Storer v. Brown
Headline: California ballot-access rules partly upheld: Court upholds one-year party disaffiliation bar for some independents but remands heavy 5%/24-day signature rule for presidential independents.
Holding:
- Lets states enforce a one‑year party disaffiliation bar that can block independent candidates.
- Requires further court factfinding before enforcing large 5%/24‑day signature rules for presidential independents.

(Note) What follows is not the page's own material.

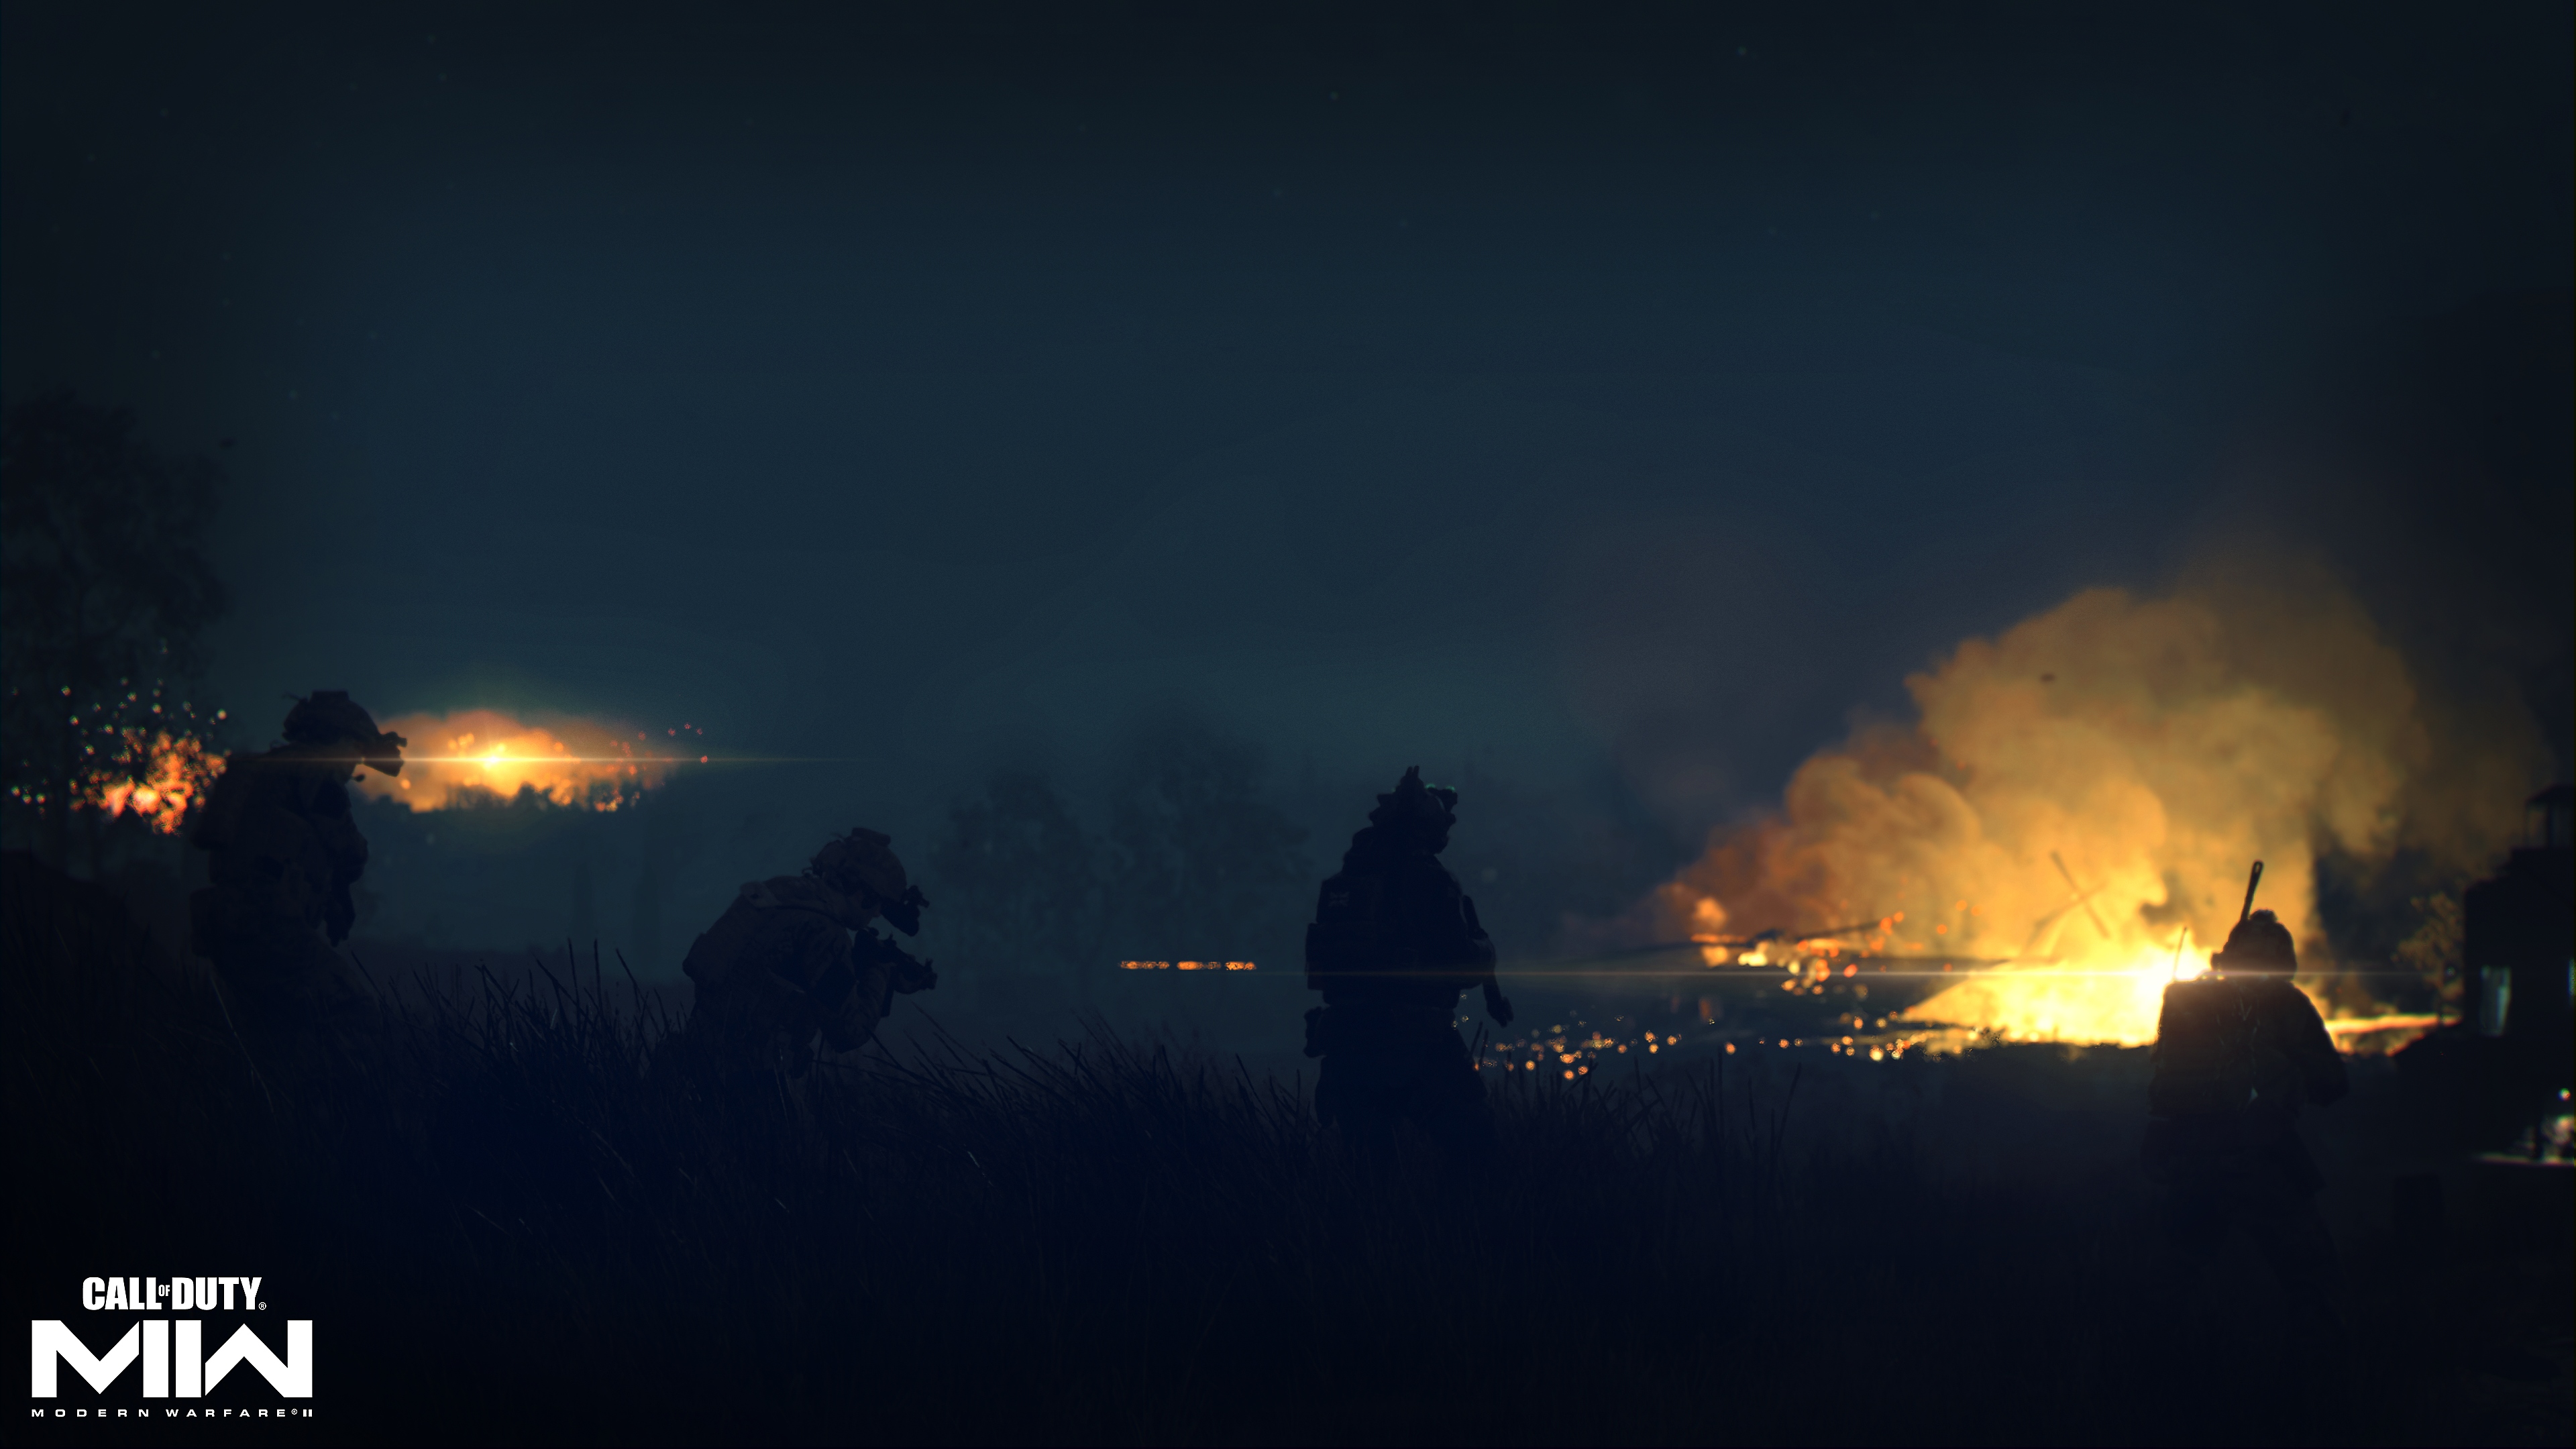 Call of Duty: Modern Warfare 2 2022 – snímek obrazovky zobrazující temnou krajinu se vzdáleným ohněm

- Keeps option for write‑in candidacy for those who fail to qualify.
Summary
Background
The plaintiffs were four people seeking to appear on California ballots as independents. Two were congressional hopefuls who had been registered Democrats earlier in 1972. Two others sought to run for President and Vice President and belonged to the Communist Party, which was not qualified for California ballot access. They challenged California rules that bar independents who voted in the previous primary or who were party‑registered within the prior year, and that require petition signatures equal to 5% of the last general‑election vote gathered in a 24‑day window from non‑primary voters.
Reasoning
The main question was whether these rules unconstitutionally burdened associational and voting rights under the First and Fourteenth Amendments. The Court held that the one‑year disaffiliation and primary‑voting bars could be justified by California’s interest in preserving its direct primary system and political stability, so the two congressional claimants were properly barred for 1972. But the Court found insufficient factual findings about the signature burden on the presidential candidates and therefore vacated and remanded that part of the case for the district court to determine how many signatures were required, who could sign, and whether the 5% quota in a 24‑day window unconstitutionally reduced the available signer pool.
Real world impact
As a result, some independent hopefuls like the two congressional claimants were denied ballot access under the one‑year rule, while high‑profile presidential independents got more judicial review. The decision leaves the disaffiliation rule enforceable in many cases but requires additional factfinding before enforcing tight signature and timing rules. Candidates who cannot qualify may still rely on California’s write‑in procedures.
Dissents or concurrances
A three‑Justice dissent argued the one‑year disaffiliation rule was too burdensome and that the State failed to show less restrictive alternatives; the dissent also used official vote totals to argue the signature requirement effectively amounted to about 9–10% of eligible signers and was unconstitutional.